• **Work request**
From the first line to the last, copy the listing exactly and omit the images.

• **Data extract**
----

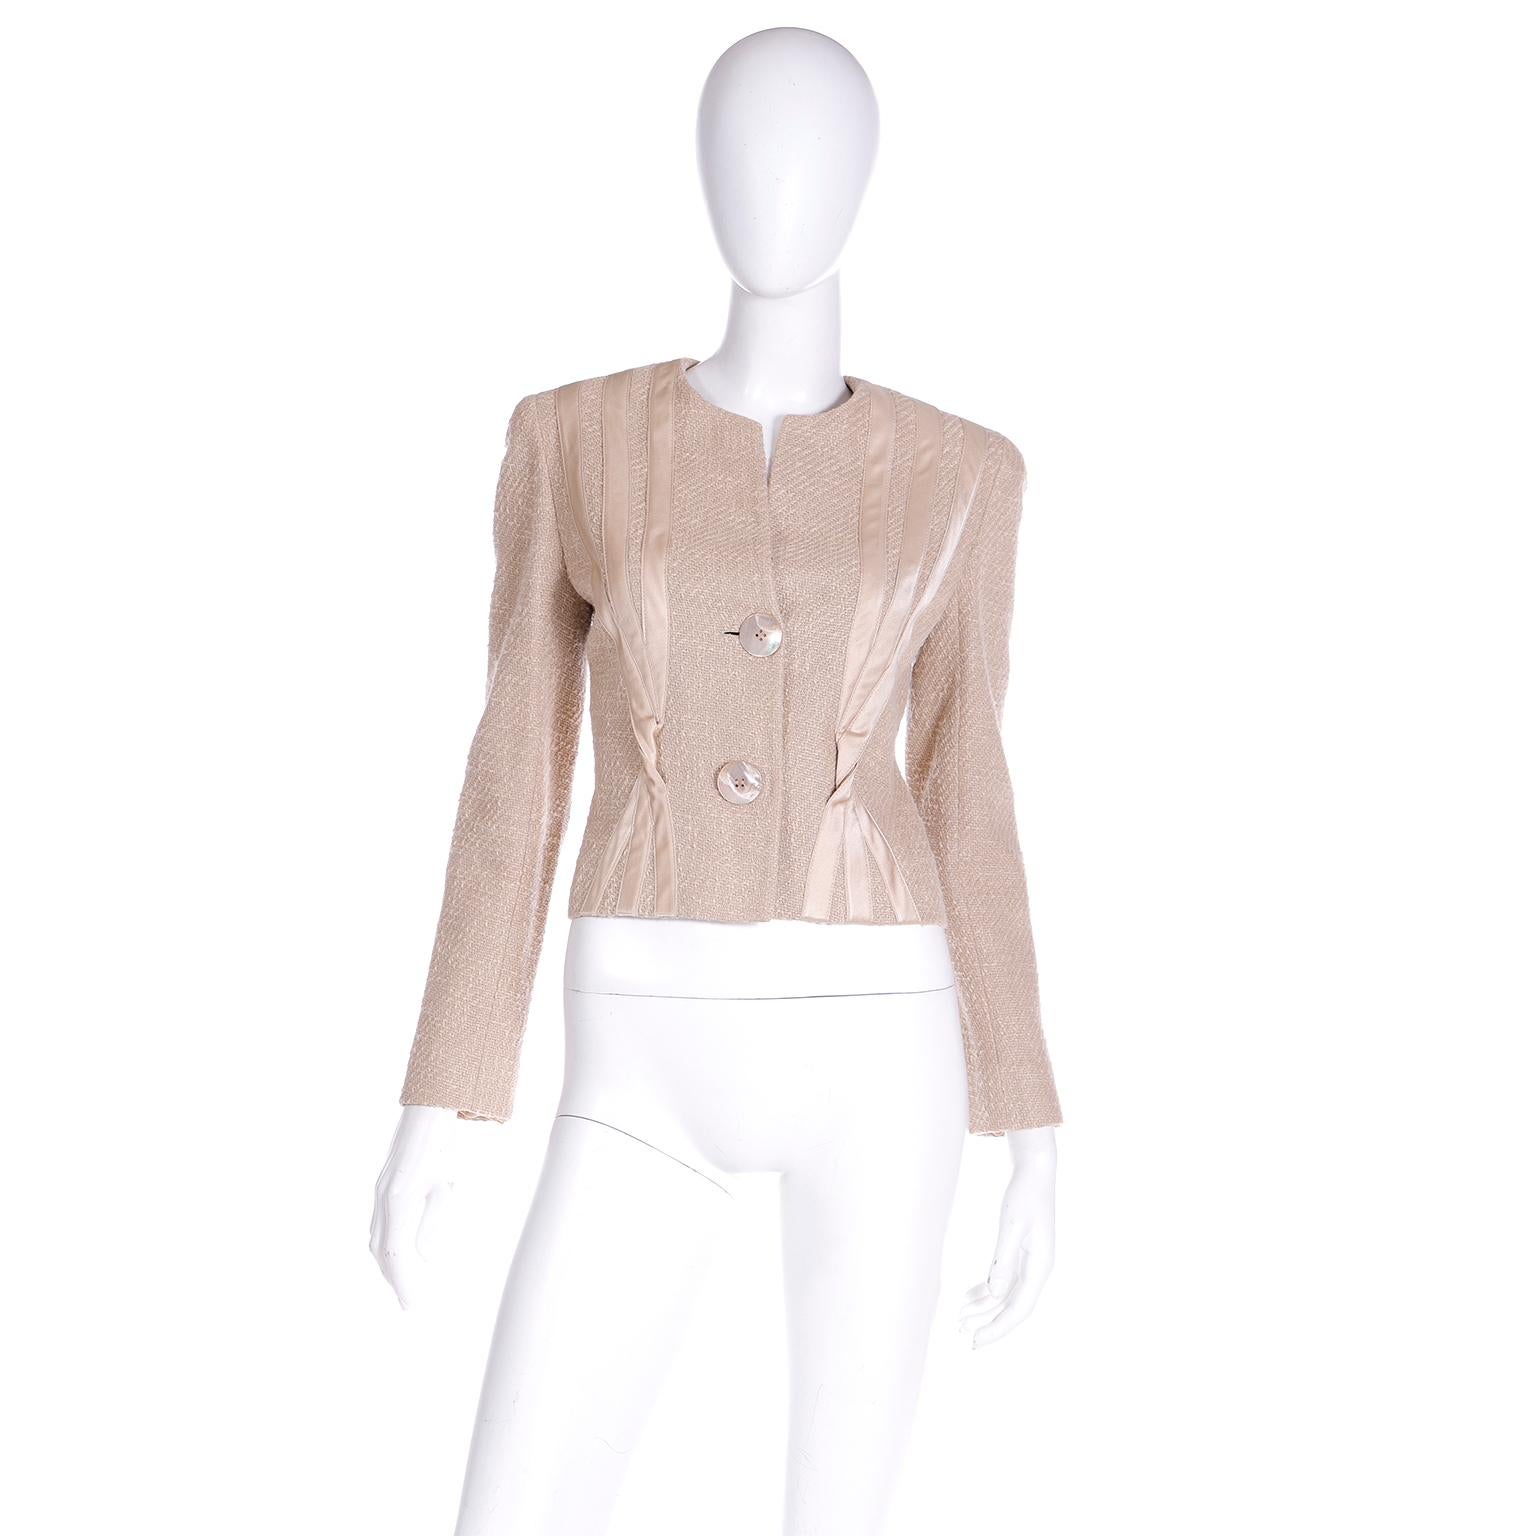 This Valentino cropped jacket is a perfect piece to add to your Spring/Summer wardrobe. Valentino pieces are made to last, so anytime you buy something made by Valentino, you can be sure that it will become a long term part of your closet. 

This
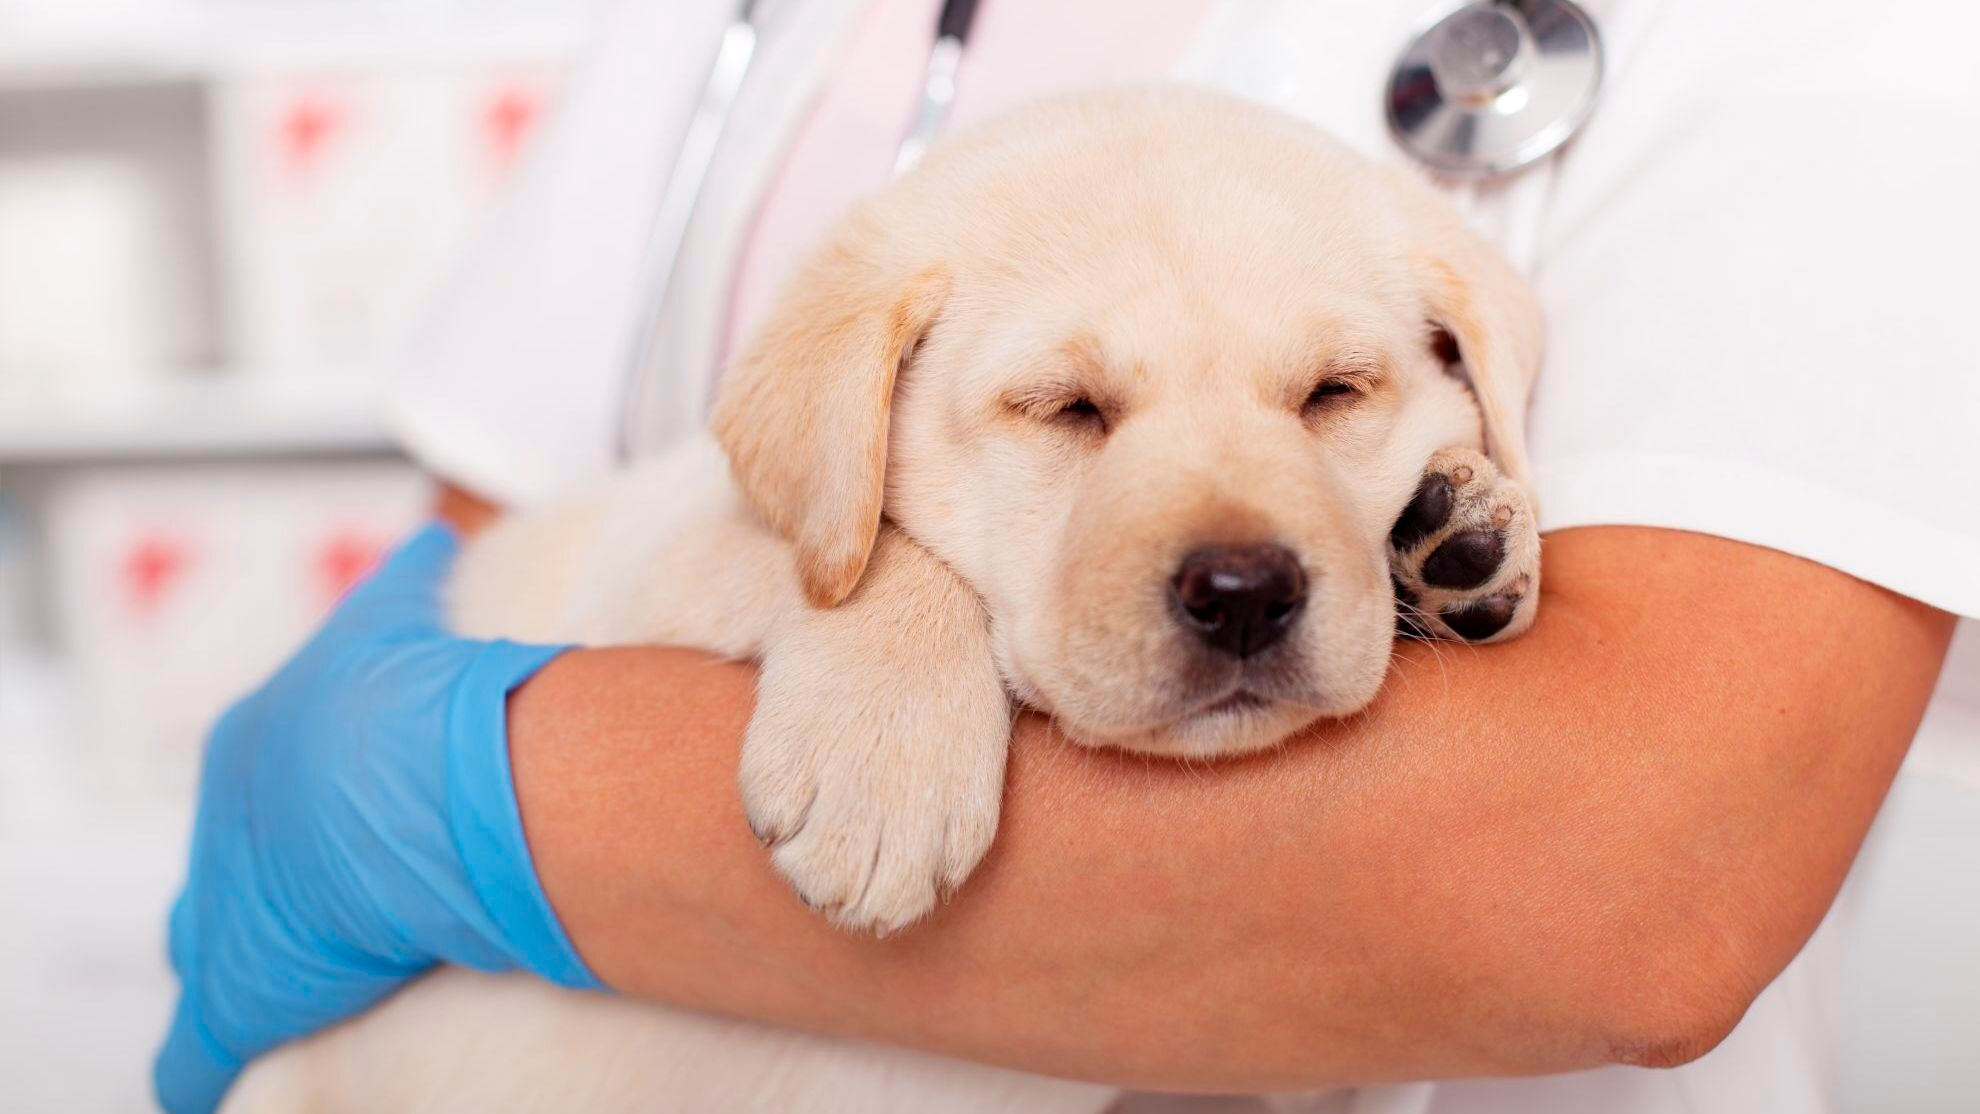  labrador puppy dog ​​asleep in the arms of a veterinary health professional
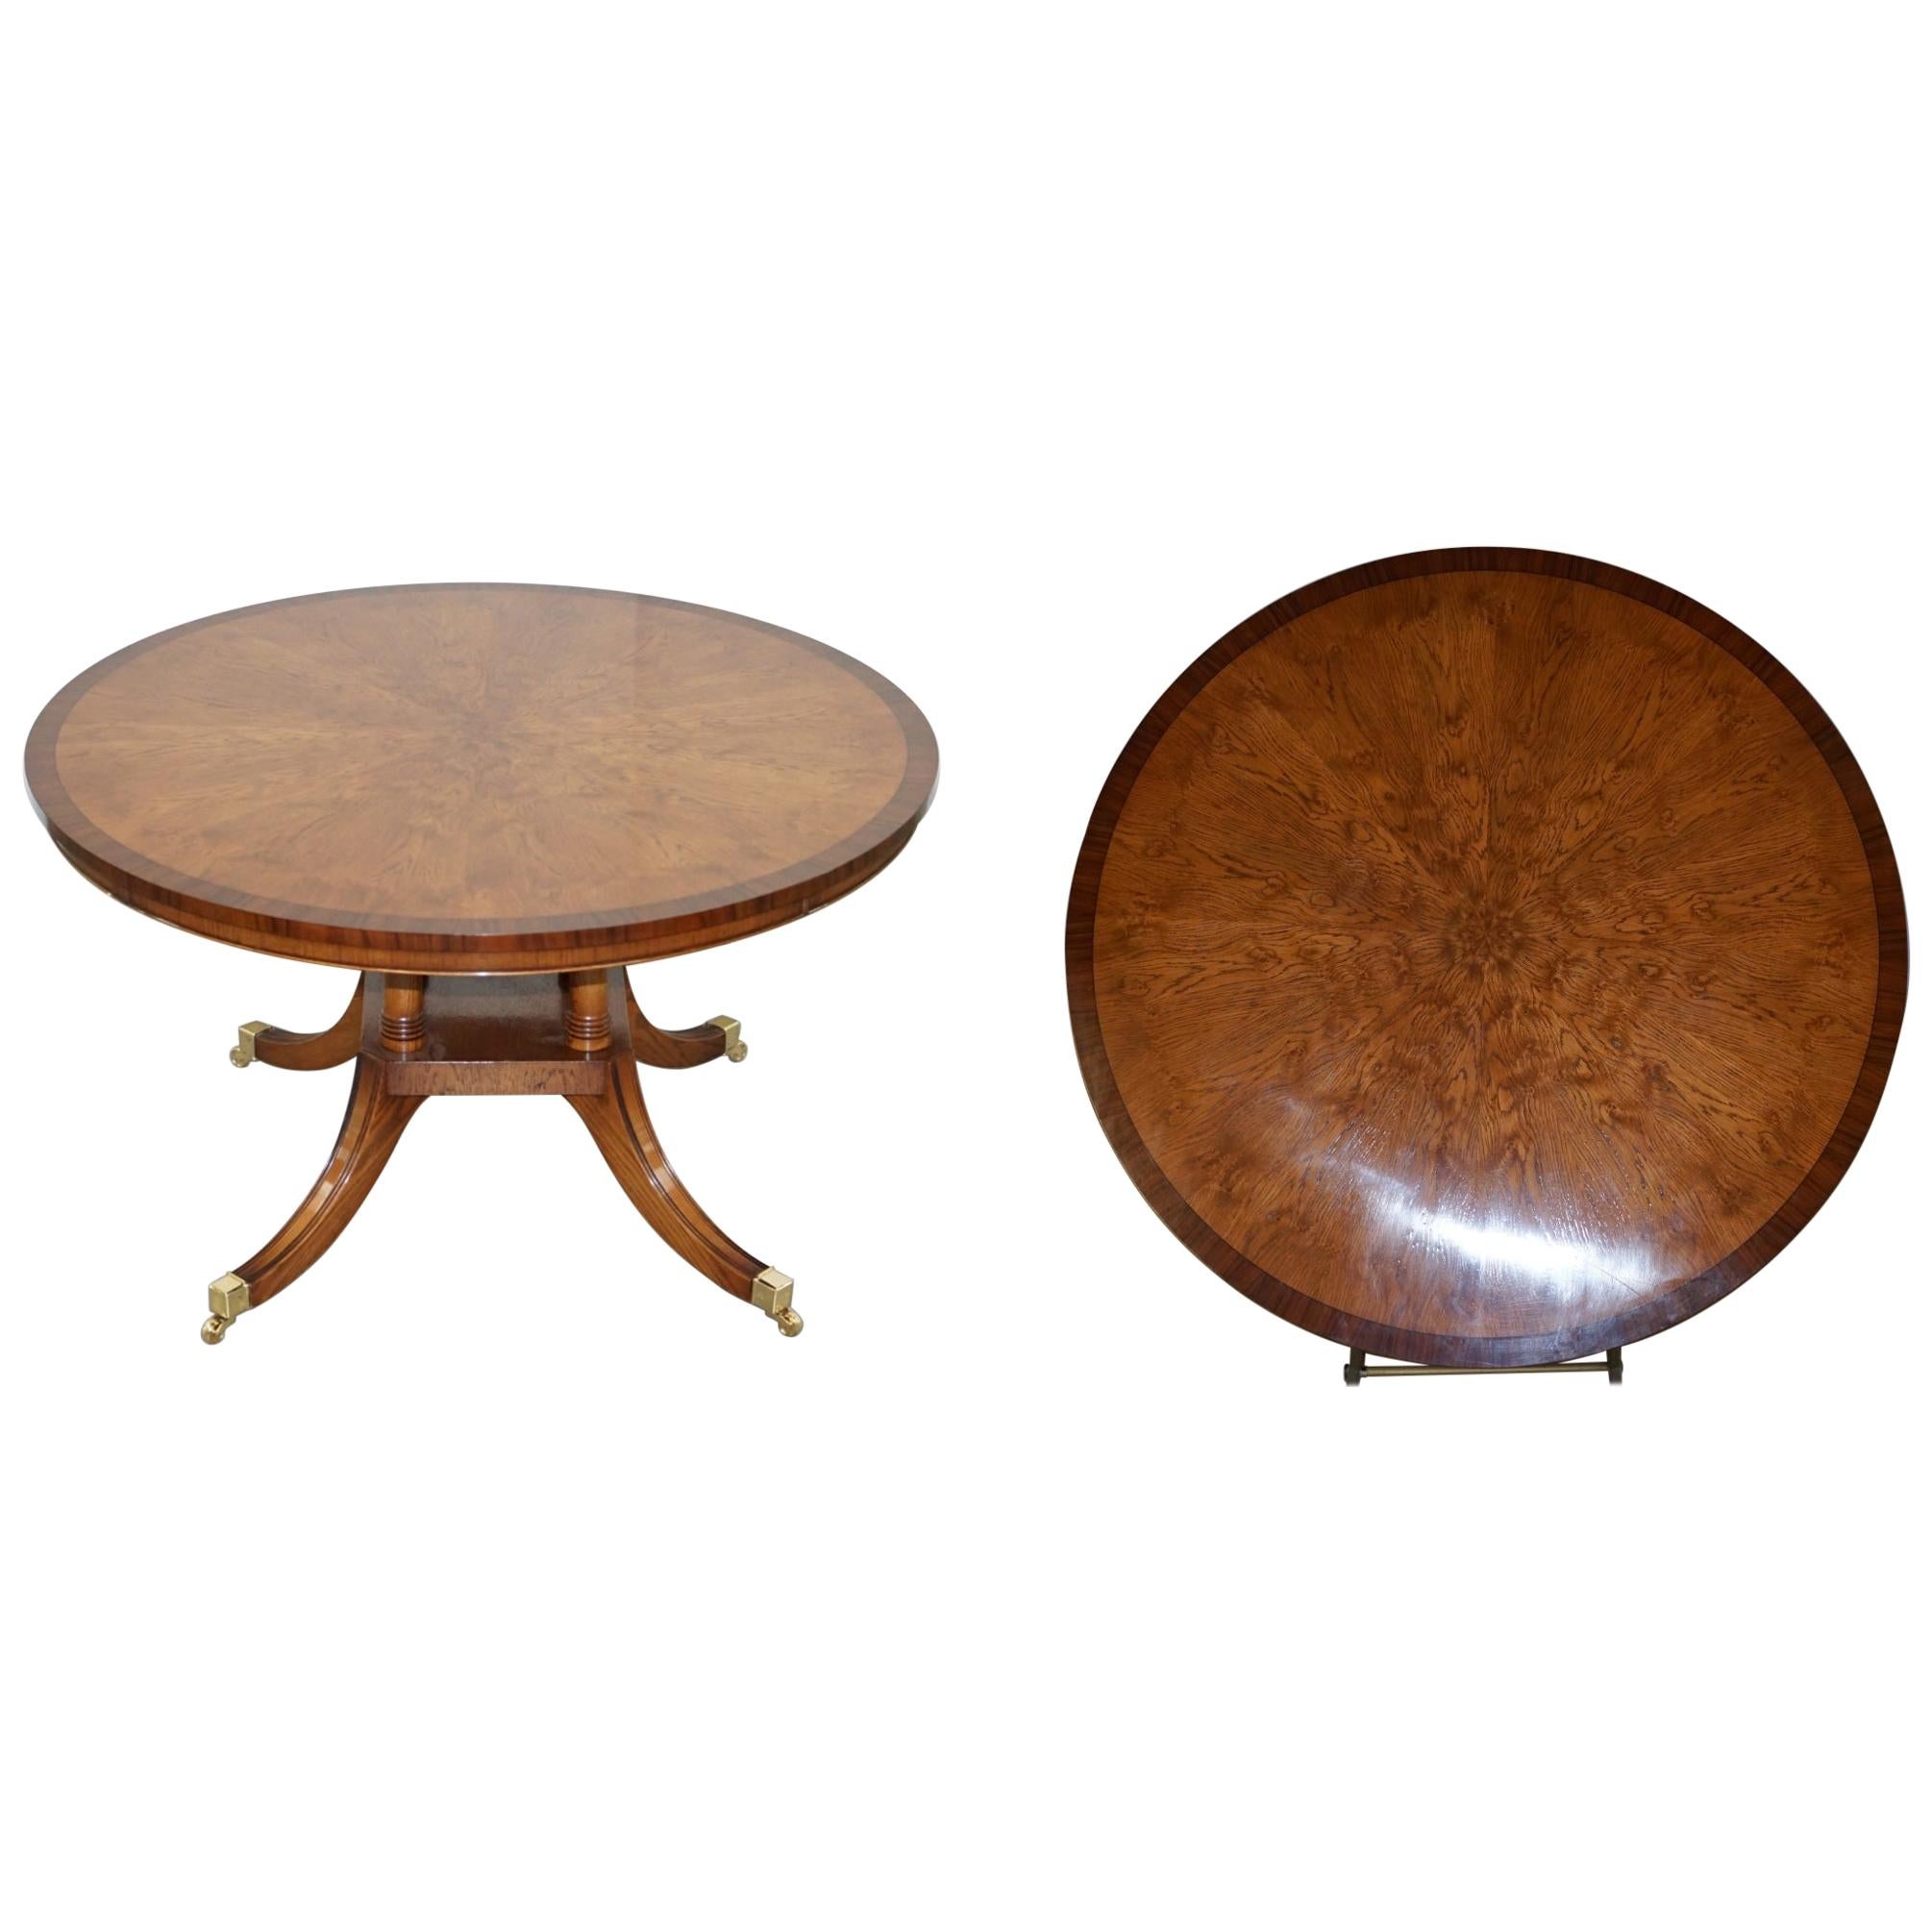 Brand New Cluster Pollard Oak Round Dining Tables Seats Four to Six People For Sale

----

• **Solution below**
 This Valentino cropped jacket is a perfect piece to add to your Spring/Summer wardrobe. Valentino pieces are made to last, so anytime you buy something made by Valentino, you can be sure that it will become a long term part of your closet. 

This
  labrador puppy dog ​​asleep in the arms of a veterinary health professional
 Brand New Cluster Pollard Oak Round Dining Tables Seats Four to Six People For Sale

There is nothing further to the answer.